Madam, – Simon Fitzmaurice’s moving account (HEALTHplus, April 12) of transitioning to artificial ventilation with motor neurone disease was deeply moving and should become required reading for students, trainees and practitioners in the healthcare professions.
The vivid assertion of vitality in the face of progressive neurodegenerative disease is telling, and although perhaps counter-intuitive to the general public, represents the reality that most of us dealing with neurological disease encounter every day.

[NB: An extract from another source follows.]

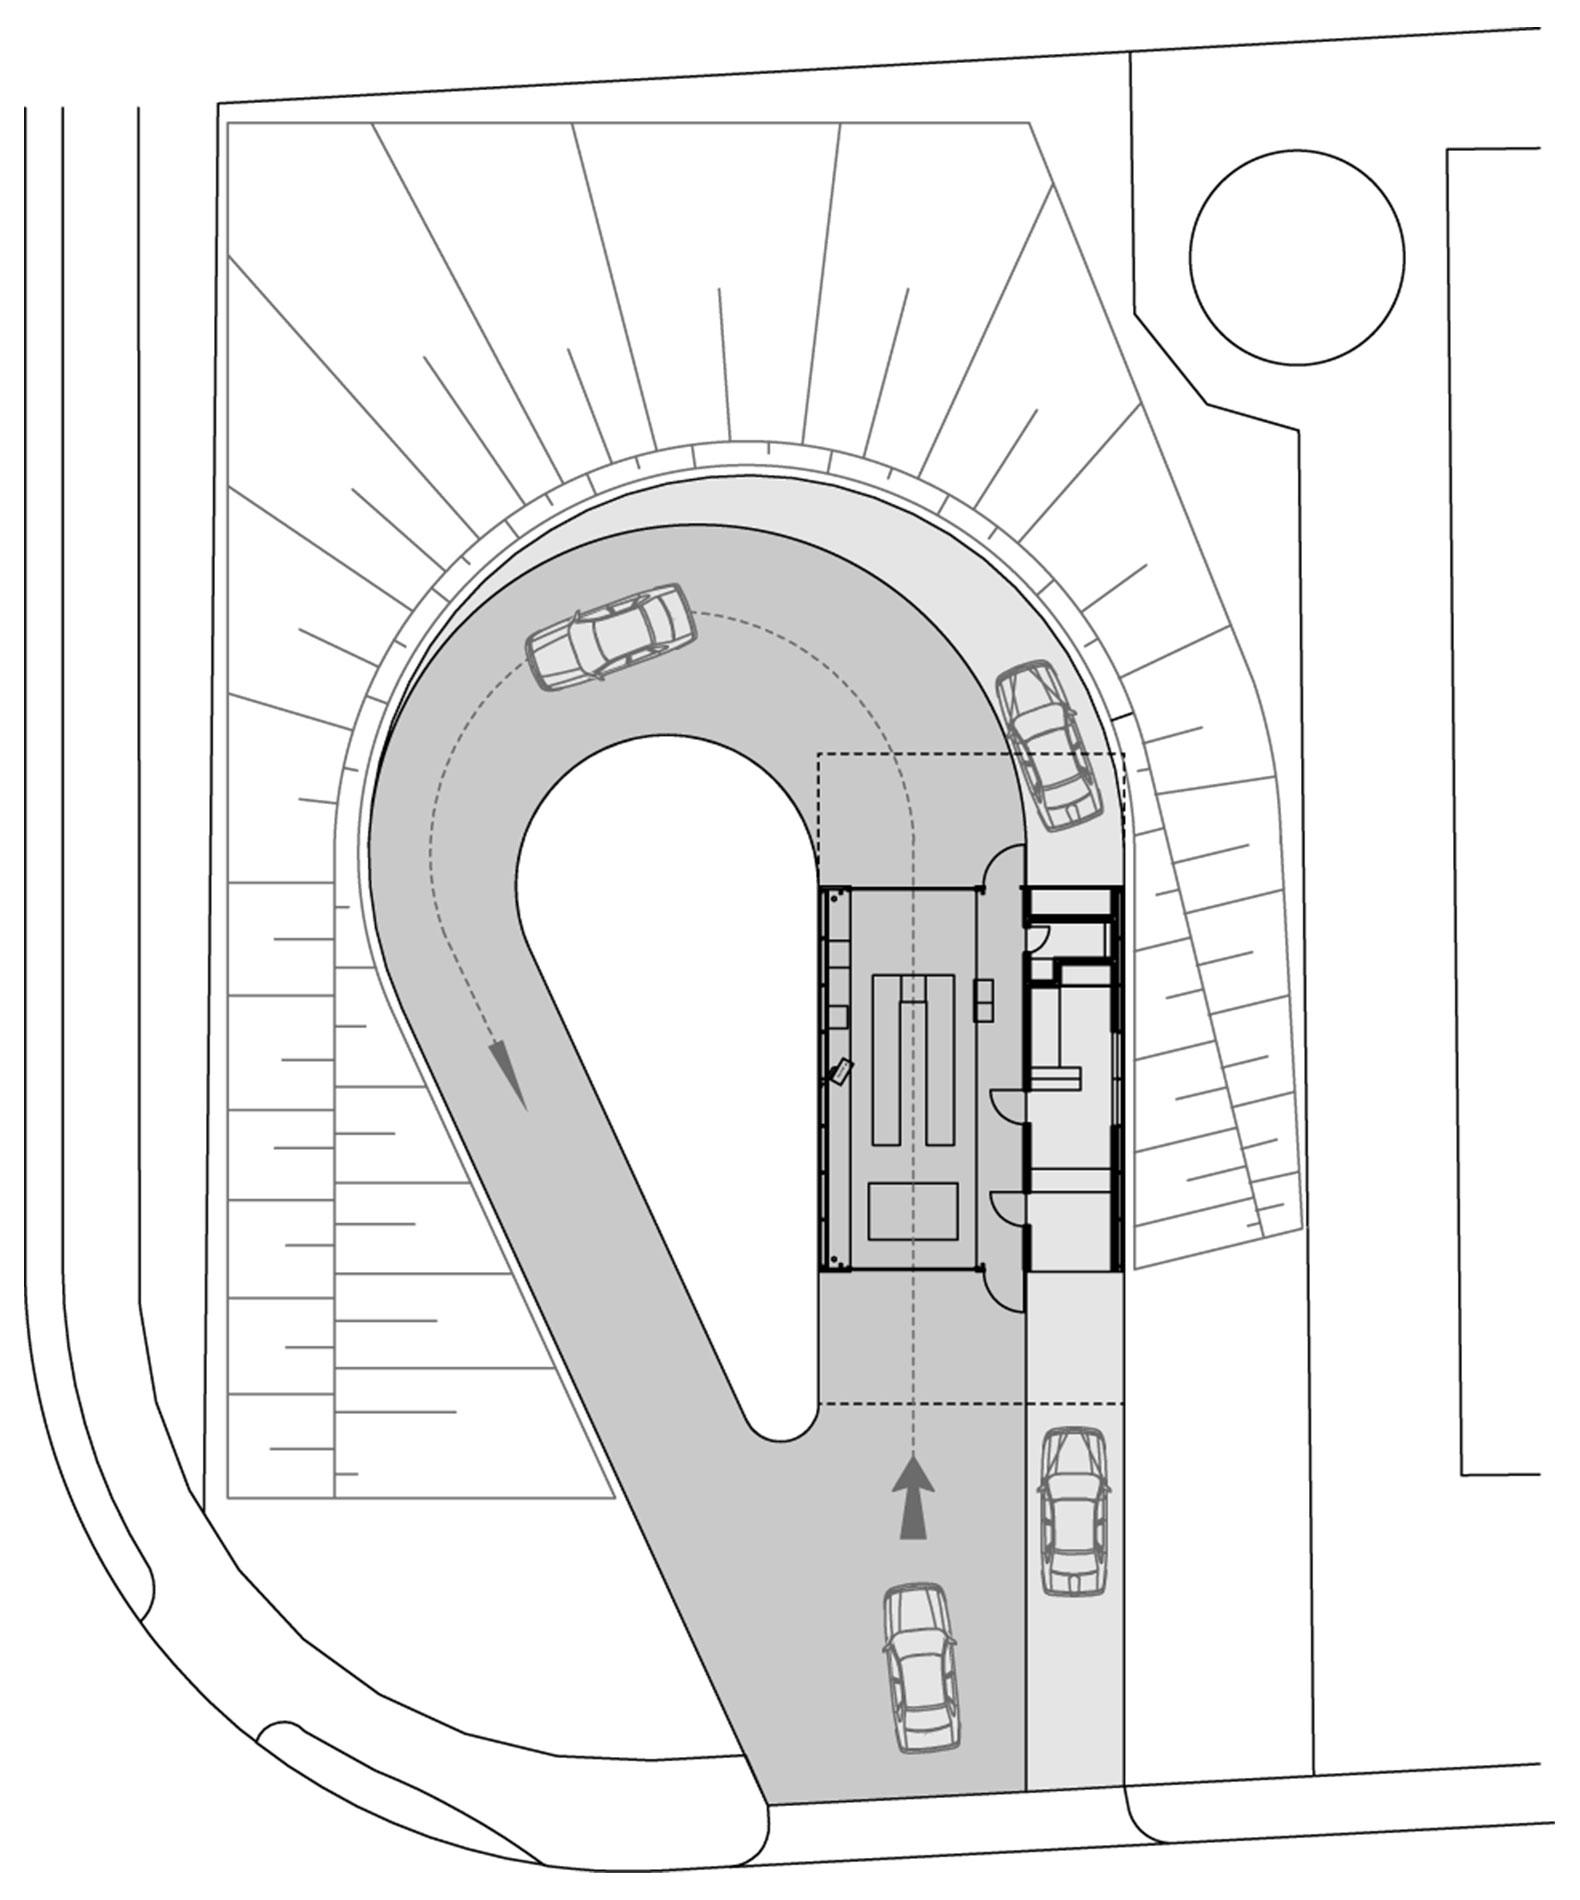 TUEV SUED floor plan
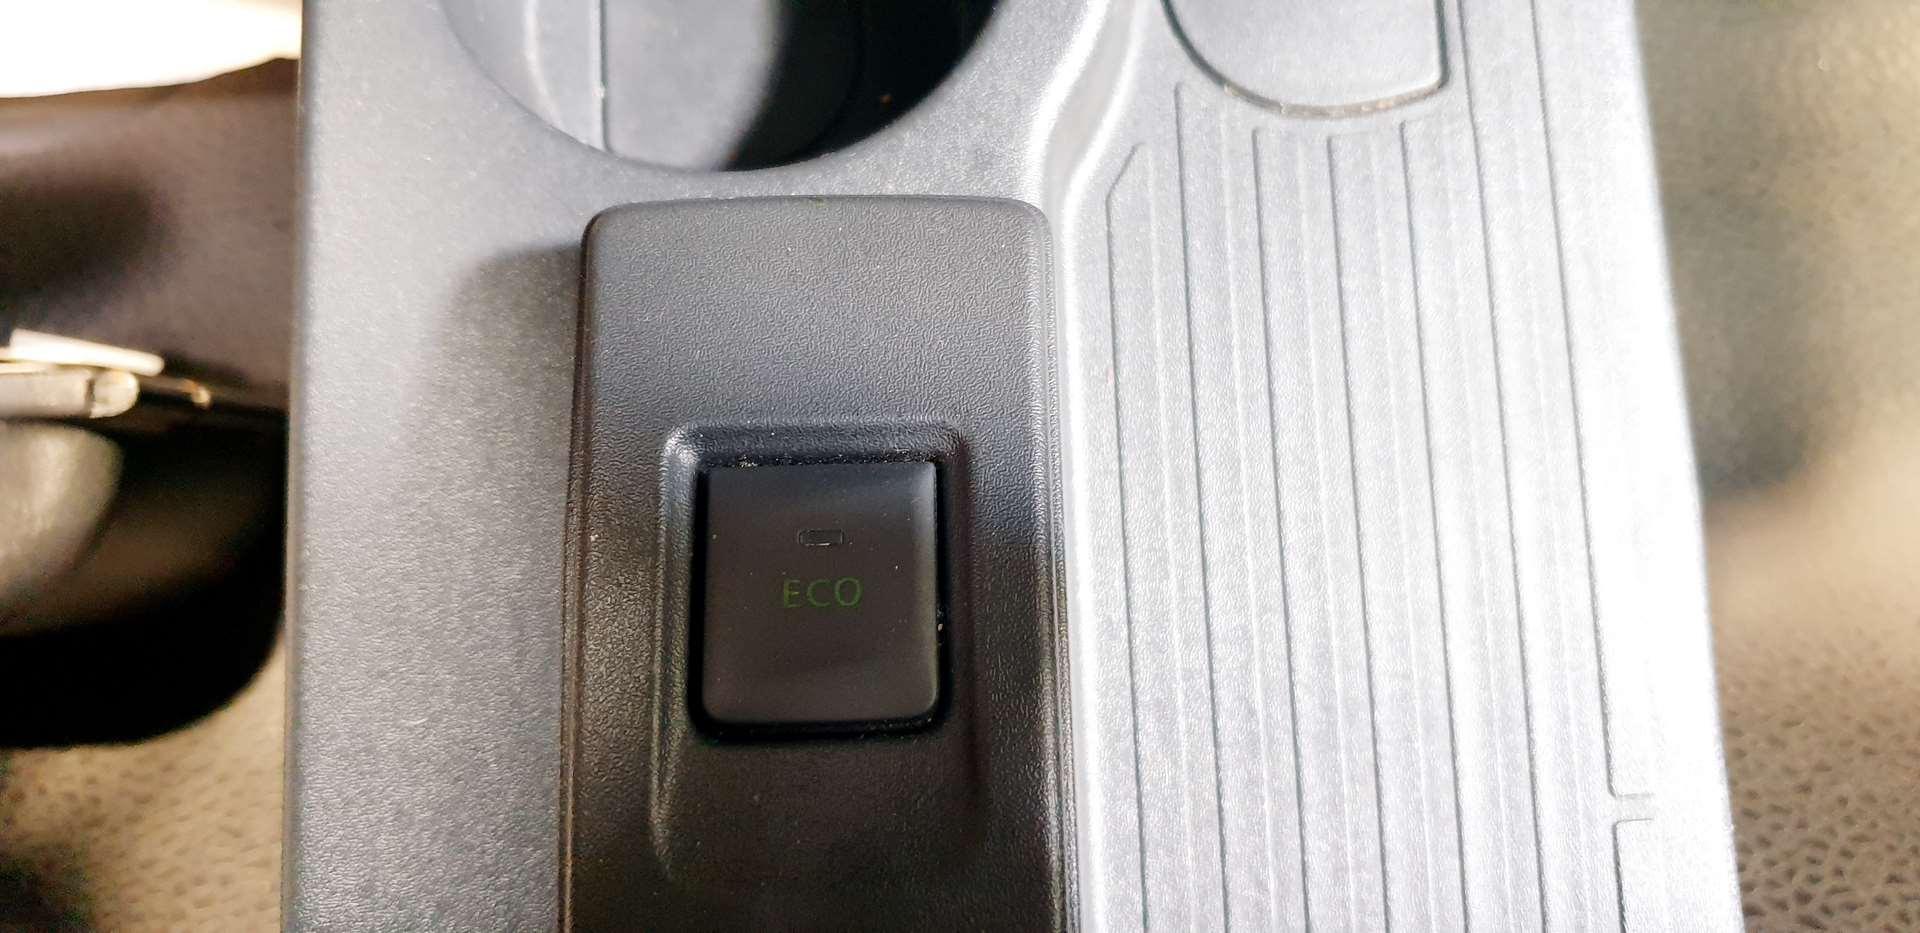 Miniature RENAULT KANGOO EXPRESS 1.5 DCI 90 3 PL GRAND CONFORT

His article also prompts those of us in the clinical neurosciences to continue to work to remove the fear of funding for such interventions for what are relatively small numbers of people. The Irish State can spend many hundreds of thousands of euros on a single admission for a patient with cancer without anybody blinking an eyelid. A similar position must be developed for those with neurological illness so that they do not feel in any way beholden for equally sophisticated treatments.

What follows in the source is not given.